Though the freedom to come and go in relationships experienced by men is believed to be a perk of masculinity, it can increasingly be seen as a liability that leads to shallow lives and a feeling of worthlessness. Men trade the things and people of greatest value for momentary pleasure and children are left in the wake to suffer. What I have found over the past decade of working to prevent human trafficking victimization, is that there are many men who, when informed, inspired and equipped with support systems and resources, are eager to overcome obstacles to being the husbands and fathers our families and communities need. If we invest in elevating, celebrating and educating boys to aspire to fatherhood, prioritizing integrity and trustworthiness, with becoming a father an identity marker with success measured by thriving children and not just income or employment status, we will be creating a future of stable homes and communities and decreasing the participation in criminal activities and the vulnerabilities that criminals seek to take advantage of.

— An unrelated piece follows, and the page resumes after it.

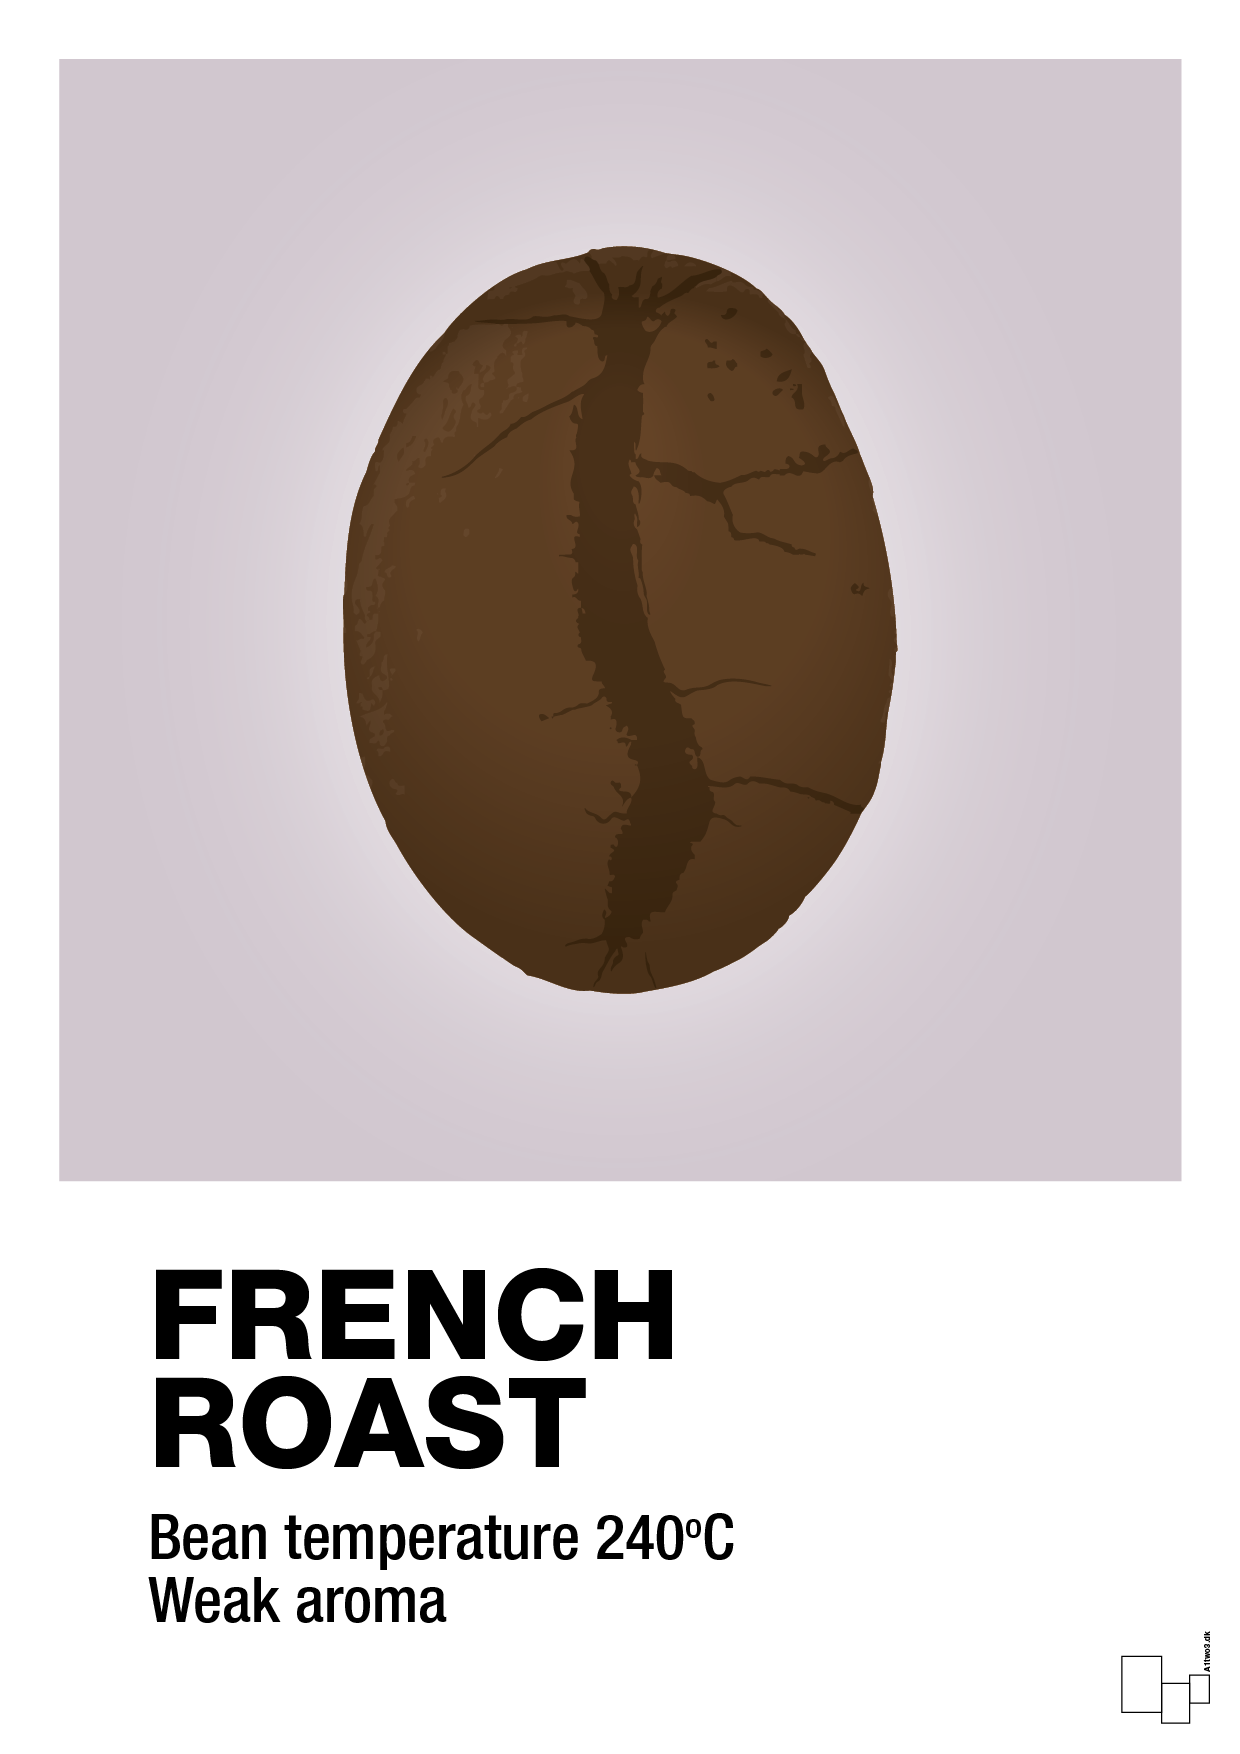 french roast - Plakat med Mad & Drikke i Dusty Lilac

Father-Con is not a men’s organization but is father-centered as it is clear that both men and women need to understand the unique contributions fathers make to the positive development of their children and through prioritizing children, not with endurance and suffering as in the past, but to realize a higher level of individual satisfaction through the experience of parenting with purpose. Father-Con has provided conferences and multiple awareness raising events and trainings to thousands of men and women with the most common response being, I now see my role as a parent very differently than before. My appeal to the governmental as well as the non-governmental organizations working for the prevention of crime and the reduction in poverty, failed education experiences and disruptive and violent behavior, to invest in fathers. It is never too early nor is it every too late to realize the benefits of investing in healthy, intentional fatherhood.

Patrick Erlandson

Founder Father-Con

and the See it End it Film & Arts Festival for the awareness and prevention of human trafficking.